# Assignment
Copy down every line of the data that follows exactly. Omit the pictures.

(Beginning of Data section)

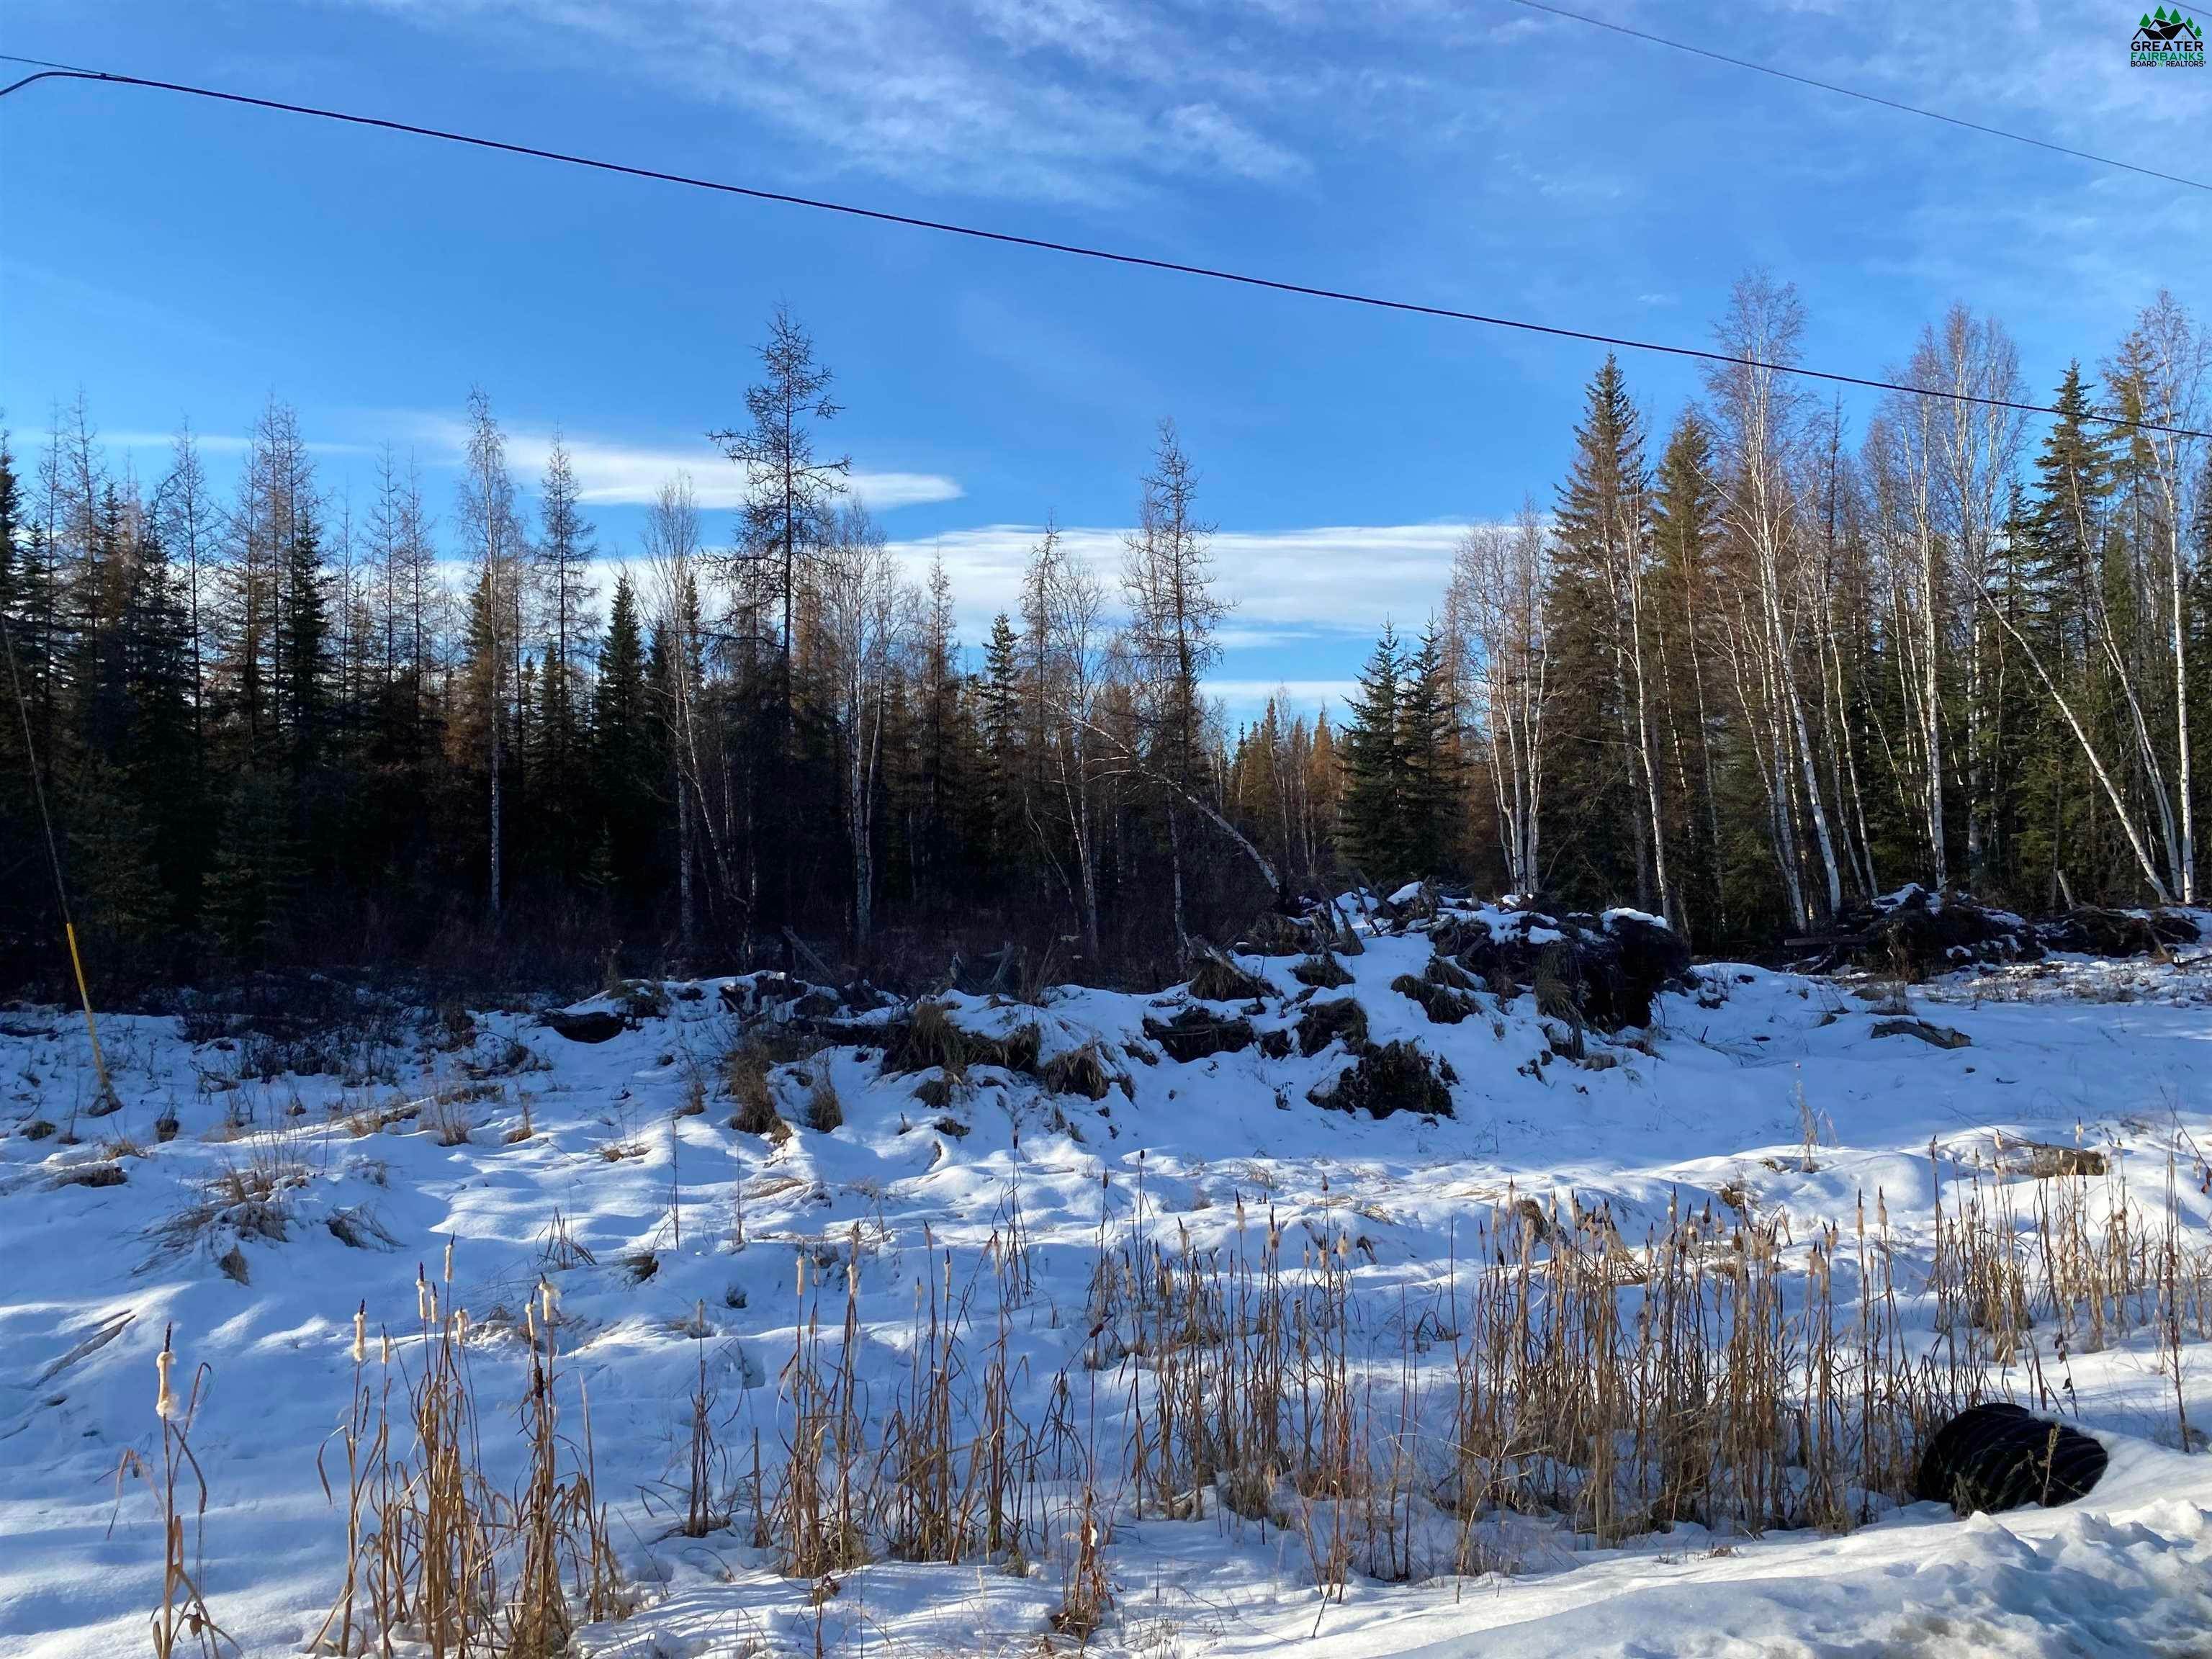 8. Residential for Sale at L7 DALLAS DRIVE North Pole, Alaska 99705 United States
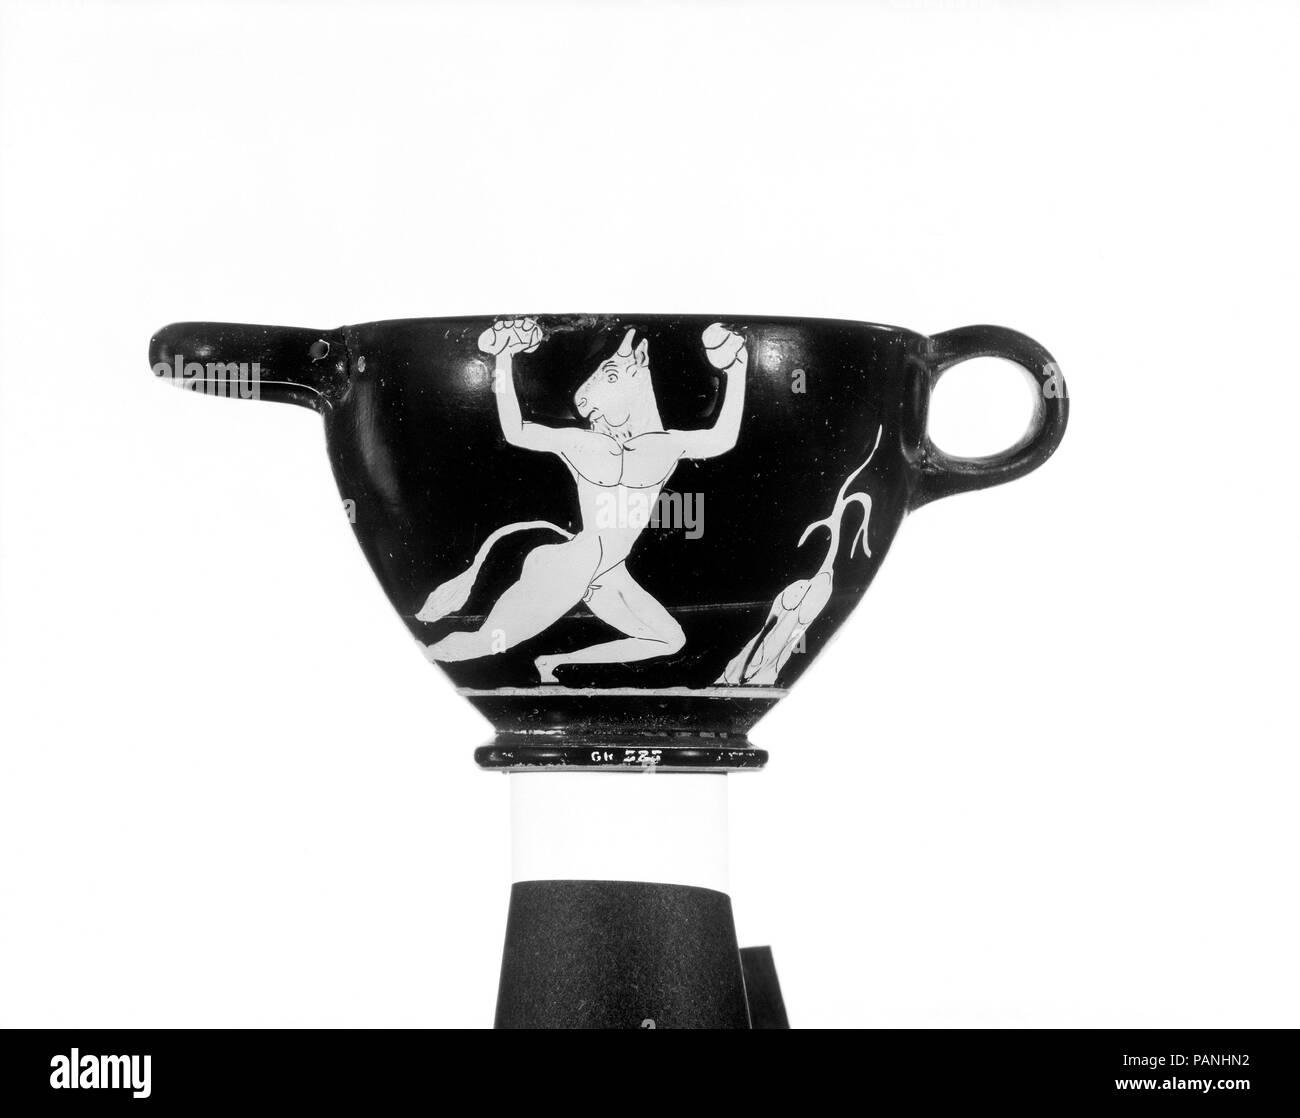 Terracotta skyphos (deep drinking cup). Culture: Greek, Attic. Dimensions: H. 3 1/8 in. (7.9 cm)  diameter  4 1/2 in. (11.4 cm). Date: ca. 470-460 B.C..  Obverse, Theseus  Reverse, the Minotaur  Many red-figure artists eliminated the narrative element from mythological representations and, instead, highlighted the protagonists. Here, with one protagonist on each side, Theseus's pursuit of the Minotaur becomes timeless and eternal. Museum: Metropolitan Museum of Art, New York, USA. Stock Photo
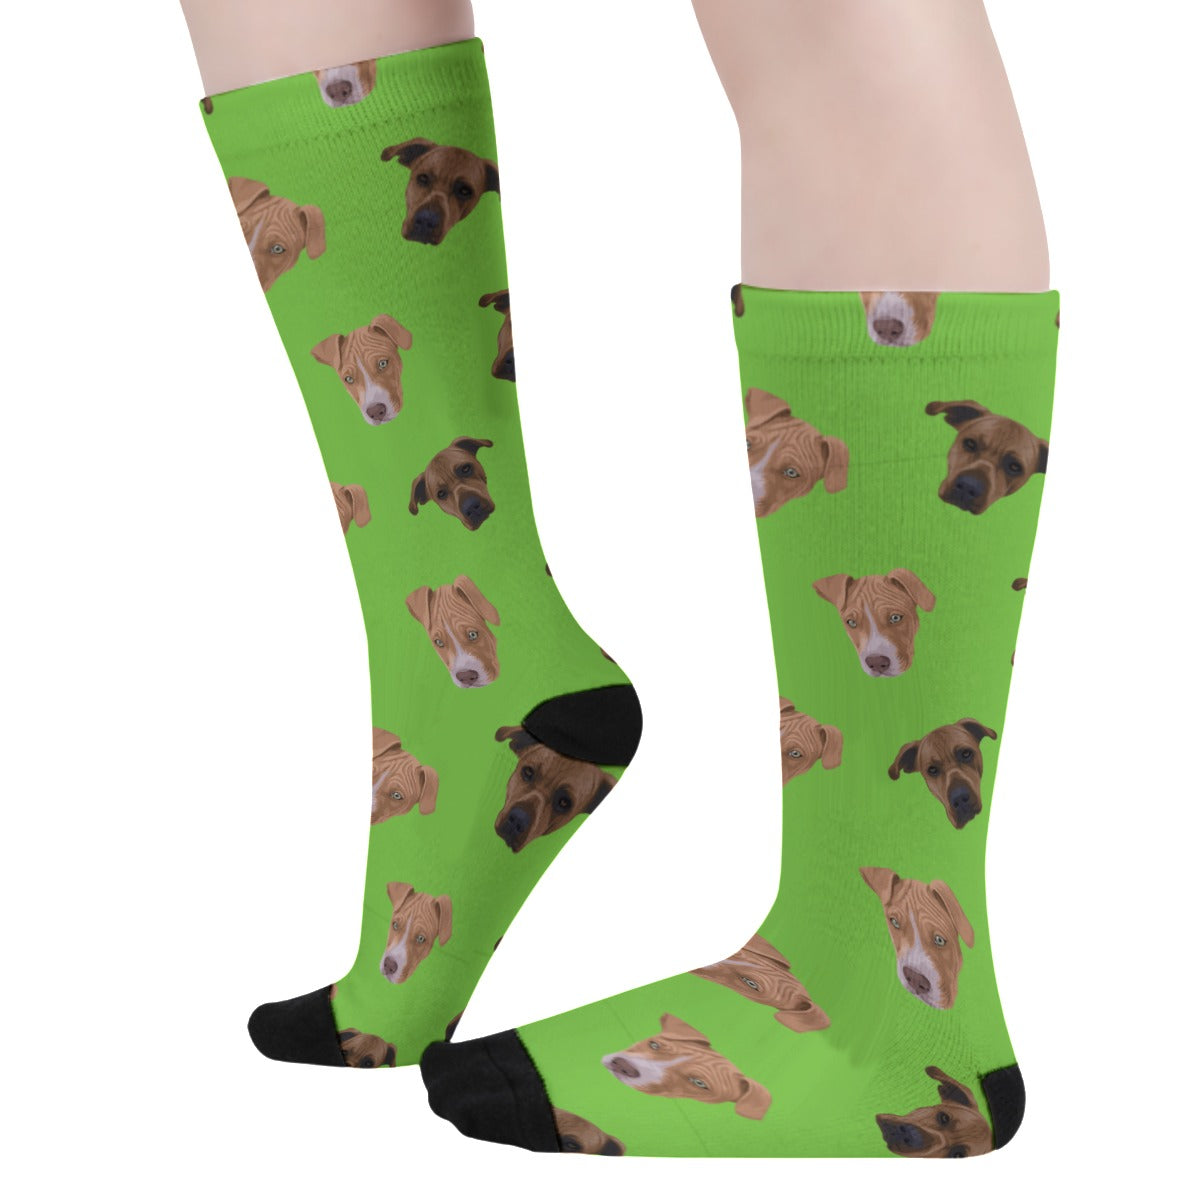 .A 2062 Steph Socks ORDER PAID - PREVIEW ONLY

(End of Data section)

# Response to the exercise
 8. Residential for Sale at L7 DALLAS DRIVE North Pole, Alaska 99705 United States
 Terracotta skyphos (deep drinking cup). Culture: Greek, Attic. Dimensions: H. 3 1/8 in. (7.9 cm)  diameter  4 1/2 in. (11.4 cm). Date: ca. 470-460 B.C..  Obverse, Theseus  Reverse, the Minotaur  Many red-figure artists eliminated the narrative element from mythological representations and, instead, highlighted the protagonists. Here, with one protagonist on each side, Theseus's pursuit of the Minotaur becomes timeless and eternal. Museum: Metropolitan Museum of Art, New York, USA. Stock Photo
 .A 2062 Steph Socks ORDER PAID - PREVIEW ONLY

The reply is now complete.